> **DATA SHOWN**:
== == ==

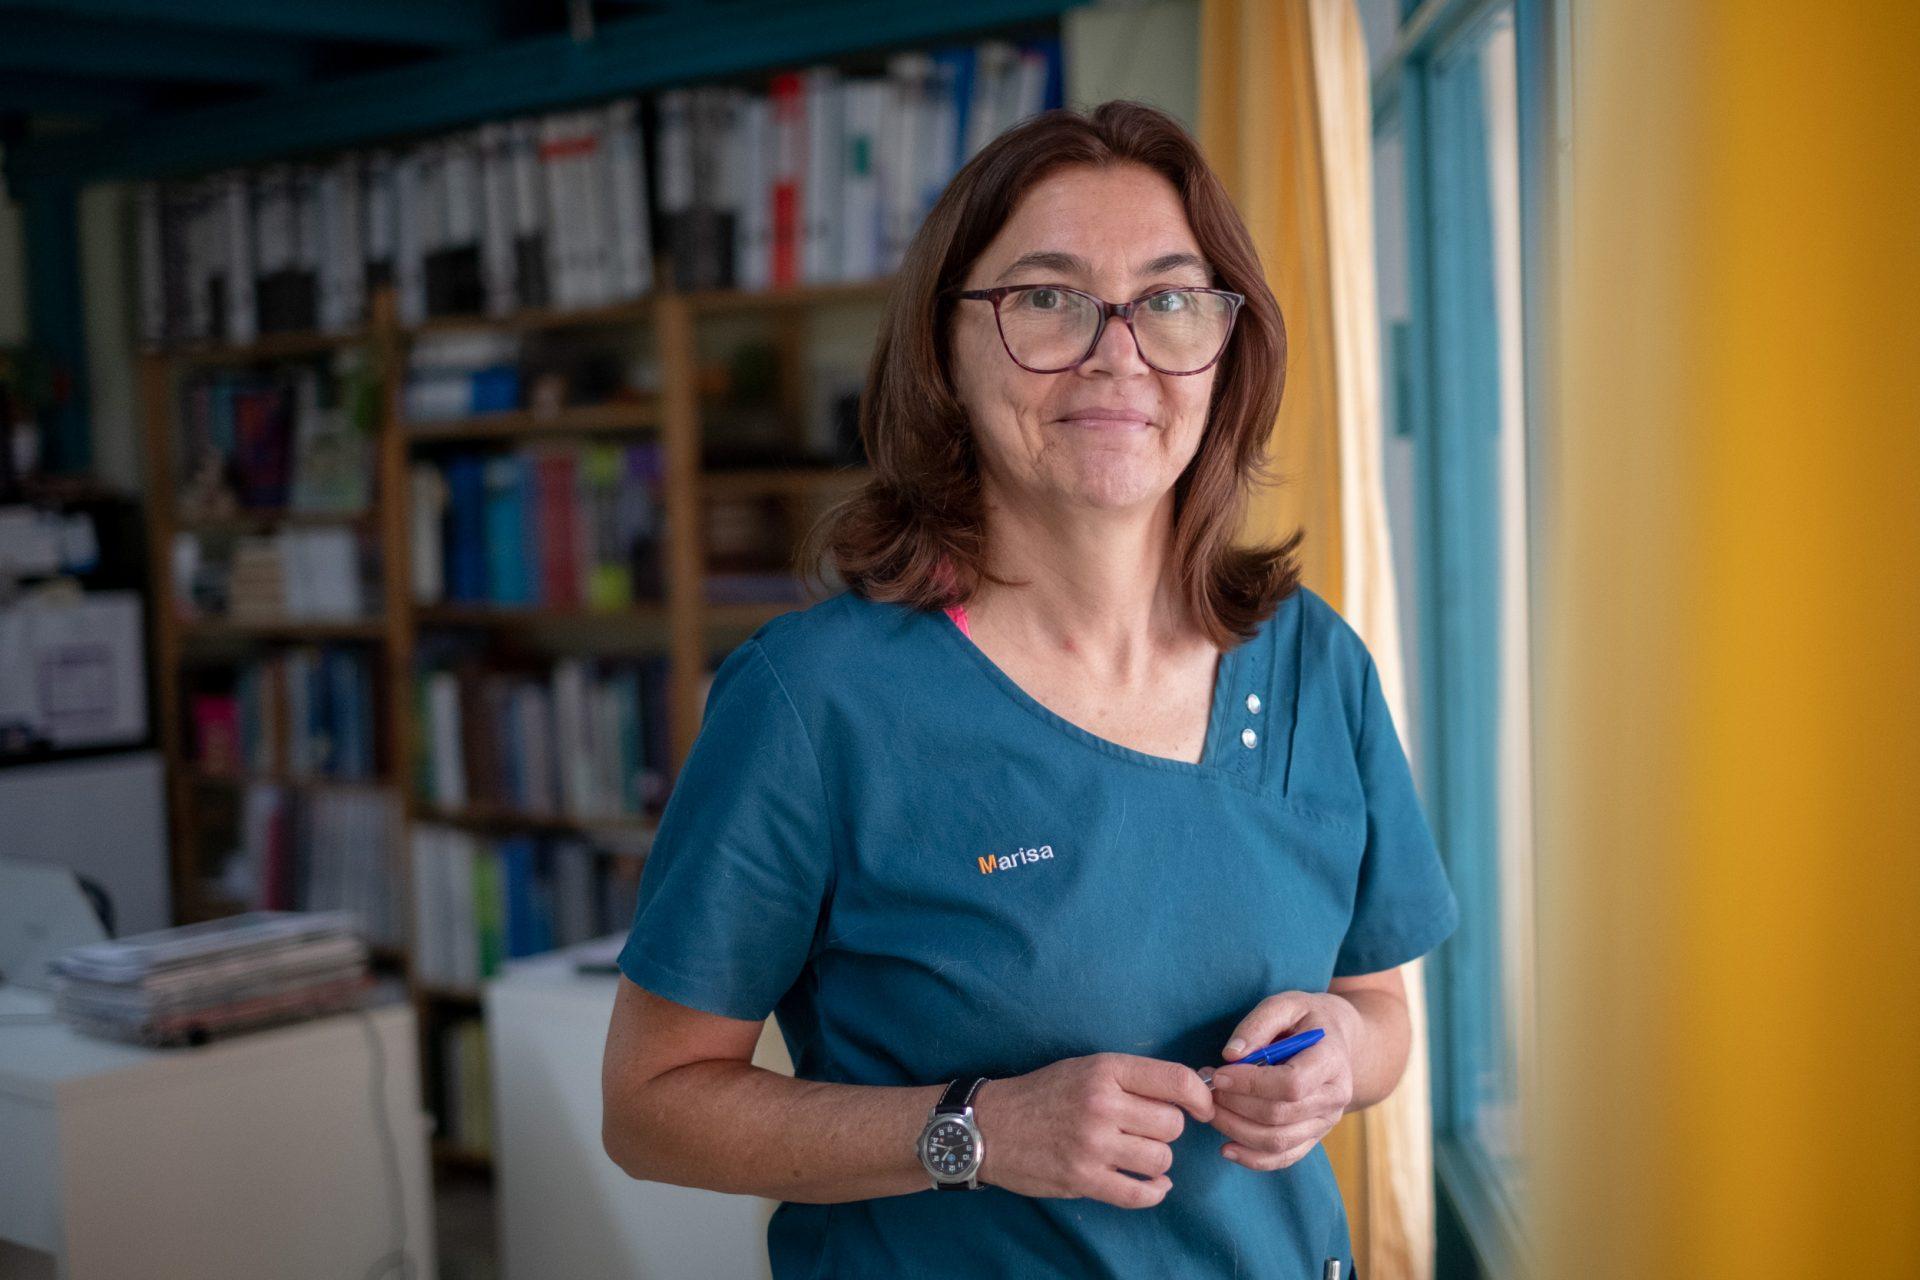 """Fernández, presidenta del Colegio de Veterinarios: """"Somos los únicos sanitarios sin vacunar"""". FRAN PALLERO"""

== == ==

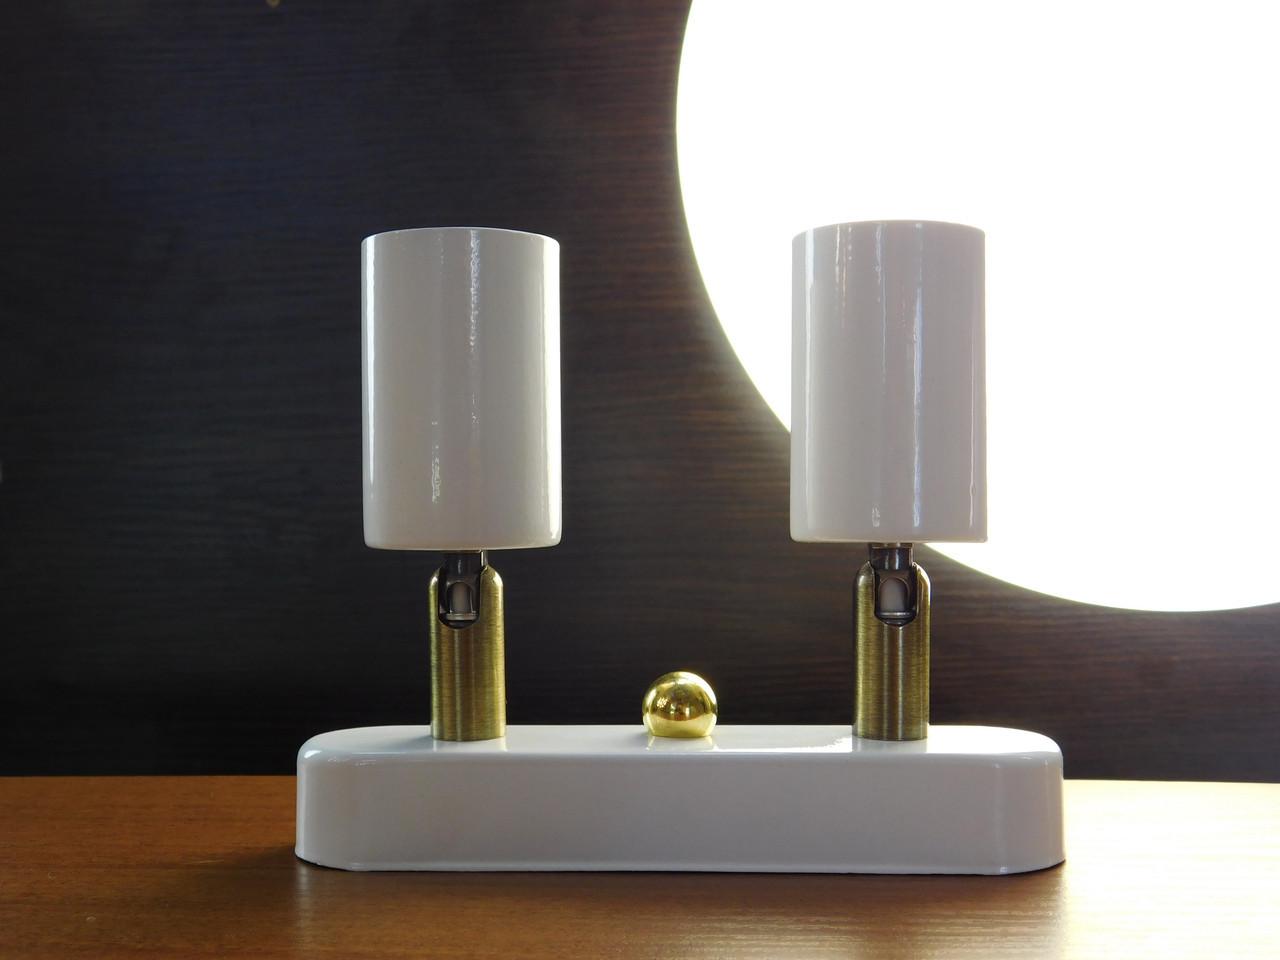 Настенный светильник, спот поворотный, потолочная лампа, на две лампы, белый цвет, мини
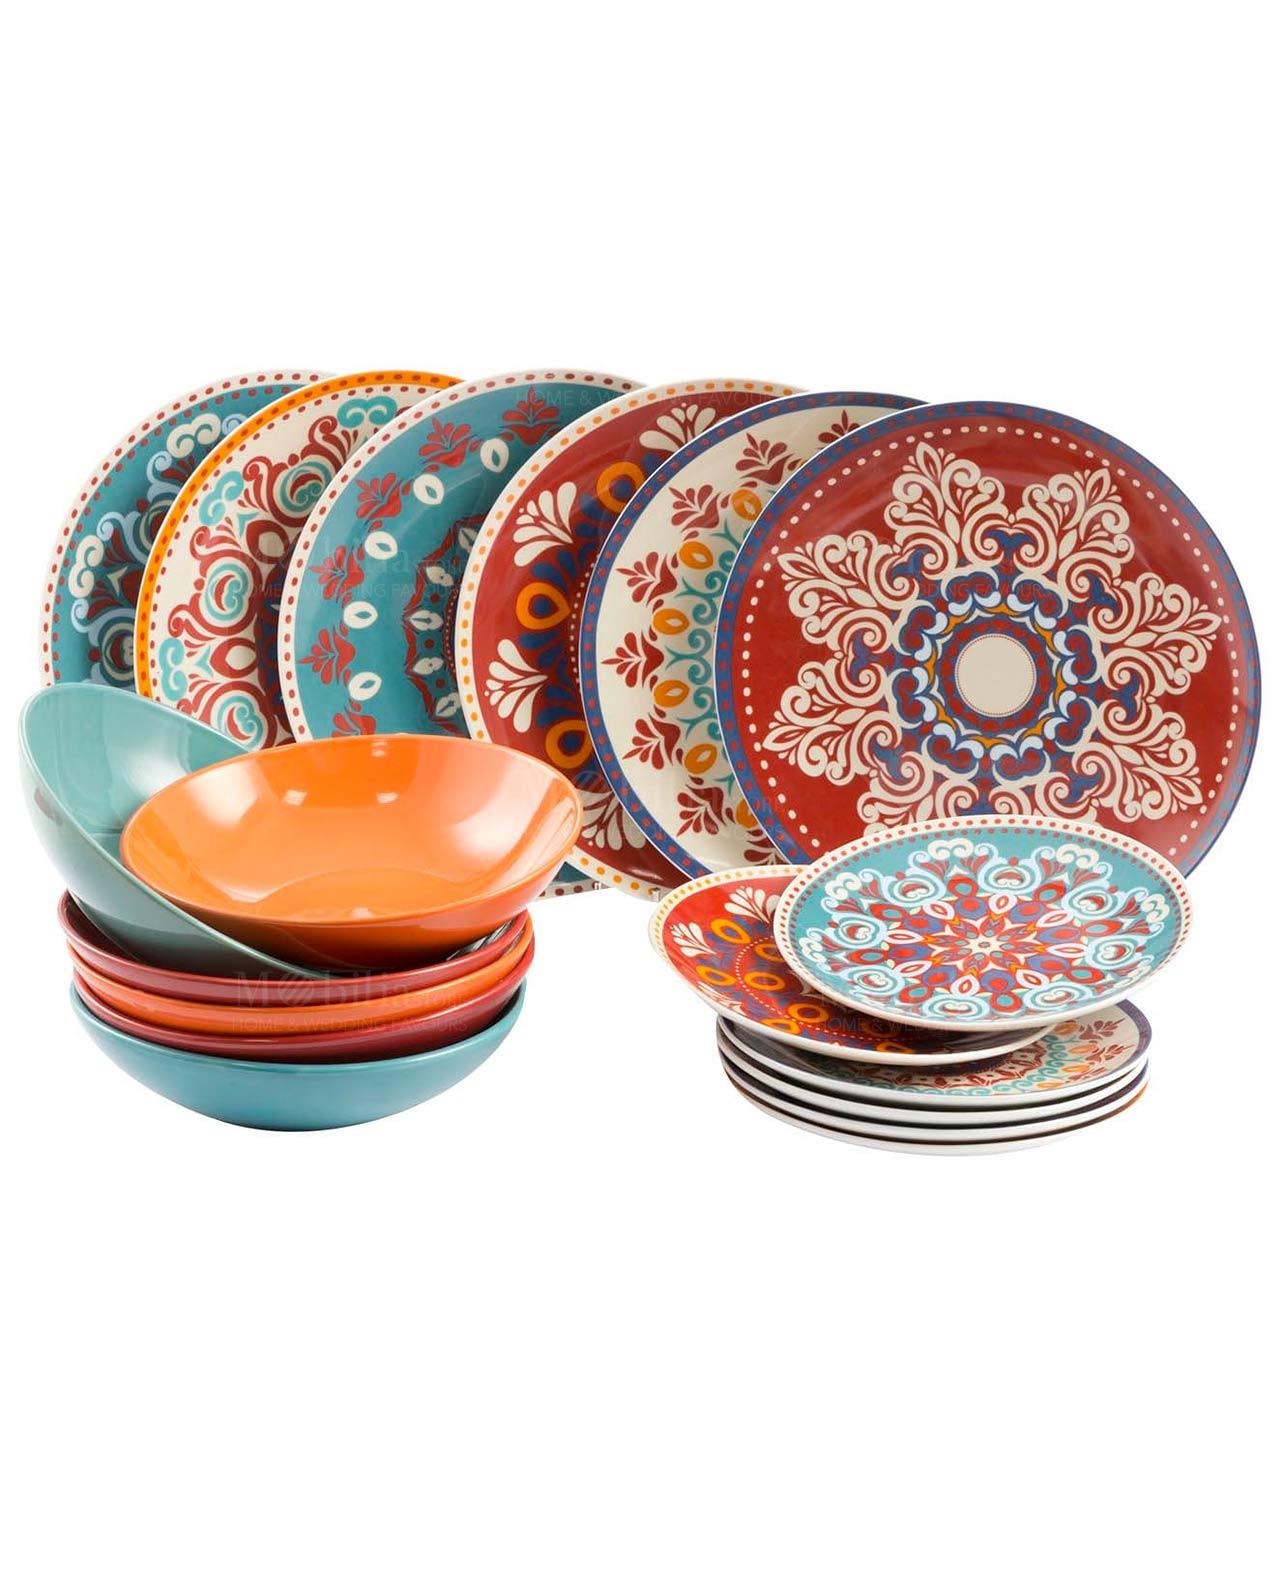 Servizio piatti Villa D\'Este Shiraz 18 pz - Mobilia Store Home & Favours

== == ==

From the listing above, repeat only the lines between the line containing "Настенный светильник, спот" and the line containing "Servizio piatti Villa", those two included. Pictures are not part of the copy.

 Настенный светильник, спот поворотный, потолочная лампа, на две лампы, белый цвет, мини
 Servizio piatti Villa D\'Este Shiraz 18 pz - Mobilia Store Home & Favours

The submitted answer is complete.